Adhesive components of the outermost coating layer comprise (a) water soluble adhesive, (b) styrene-butadiene copolymer latex containing acrylonitrile of 10-35 mass % in the ratio of monomer and having an average diameter of 50-120 nm, and (c) copolymer latex other than the above (b), wherein when an amount of each of the above (a), (b), and (c) contained in the coating layer is denoted as (S) mass parts, (L1) mass parts, and (L2) mass parts based on 100 mass parts of pigment components of the coating layer, respectively, the value of A can be obtained by the following equation:
A(mass part)=2×(S)+1.5×(L1)+1×(L2)

Wherein, 0≦(S)<6, 0≦(L1), 0≦(L2),
(S)+(L1)+(L2)≦16
wherein when an amount of pigment components having an average particle diameter of 0.4 μm or less contained in the outermost layer is

A water soluble adhesive (a) may include a variety of starches such as oxidized starch, esterified starch, or cold water soluble starch, proteins such as casein, soybean albumin, or synthetic protein, cellulose derivatives such as carboxymethyl cellulose or methyl cellulose, polyvinyl alcohol and its degeneration. Copolymer latex (c) may include styrene-butadiene copolymer latex having an average diameter less than 50 nm or more than 120 nm, conjugate diene polymer latex of methyl methacrylate-butadiene copolymer, acrylic polymer latex, ethylene-vinyl acetate copolymer or the like.

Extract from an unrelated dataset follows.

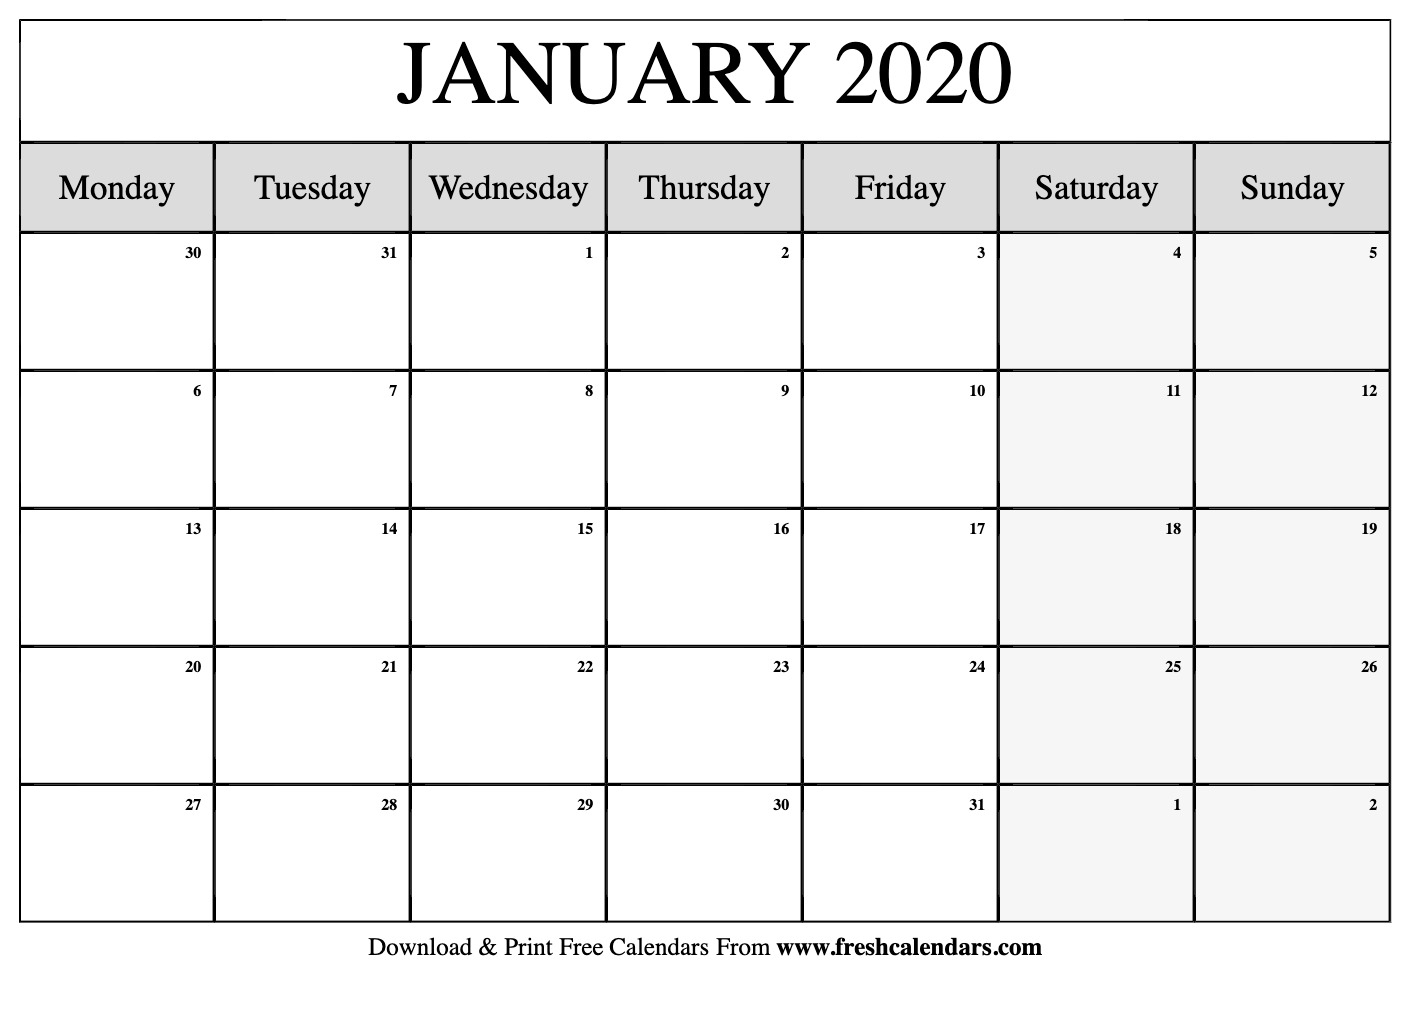 Free Printable January 2020 Calendar within Www.freshcalendars.com December 2020

When three components used for adhesive components of the outermost coating layer are compared in the same amount, respectively, a water soluble adhesive (a) has a greater effect of lowering the ink settability of the outermost coating layer compared with copolymers (b) and (c), in which the copolymer (b) has a greater effect compared with the copolymer (c). Therefore, all the adhesive components of the coating layer can be either (b) or (c) within a range that does not exceed 16 mass parts based on 100 parts of pigment components of the coated layer. However, when the adhesive (a) is used, the amount must be less than 6 mass parts. If 6 mass parts or more is used, there is a risk of degrading the whiteness and gloss of a coated paper. In addition, when the total amount of the above three components exceeds 16 mass parts based on 100 mass parts of pigment components of the outermost coating, it is impossible for the outermost coating layer to be given desirable ink settability.

When pigment components contained in the outermost coating layer have an average particle diameter of 0.4 μm and are of 60 mass % or less based on a total amount of pigment components contained in the outermost layer wherein a value of the above (A) deviates from the range of 16-21, desirable ink settability cannot be provided for the outermost layer. When a ratio of such pigment components exceeds 60 mass % and a value of the above (A) deviates from the range of 19-24, it is also impossible for the outermost coating layer to be given desirable ink settability.

Inner Coating Layer

Pigment components of an inner coating layer comprise calcium carbonate having an average particle diameter of 0.1-1.2 μm and an amount of 80-100 mass % of pigment components of the inner coating layer. The amount of adhesive components of the inner coating layer is within a range of 6-13 mass parts based on 100 mass parts of the above pigment components. One or more kinds of adhesives normally used in a coating layer can be used as these adhesive components. However, when a water soluble adhesive is used, the amount must be less than 6 mass parts based on 100 mass parts of pigment components.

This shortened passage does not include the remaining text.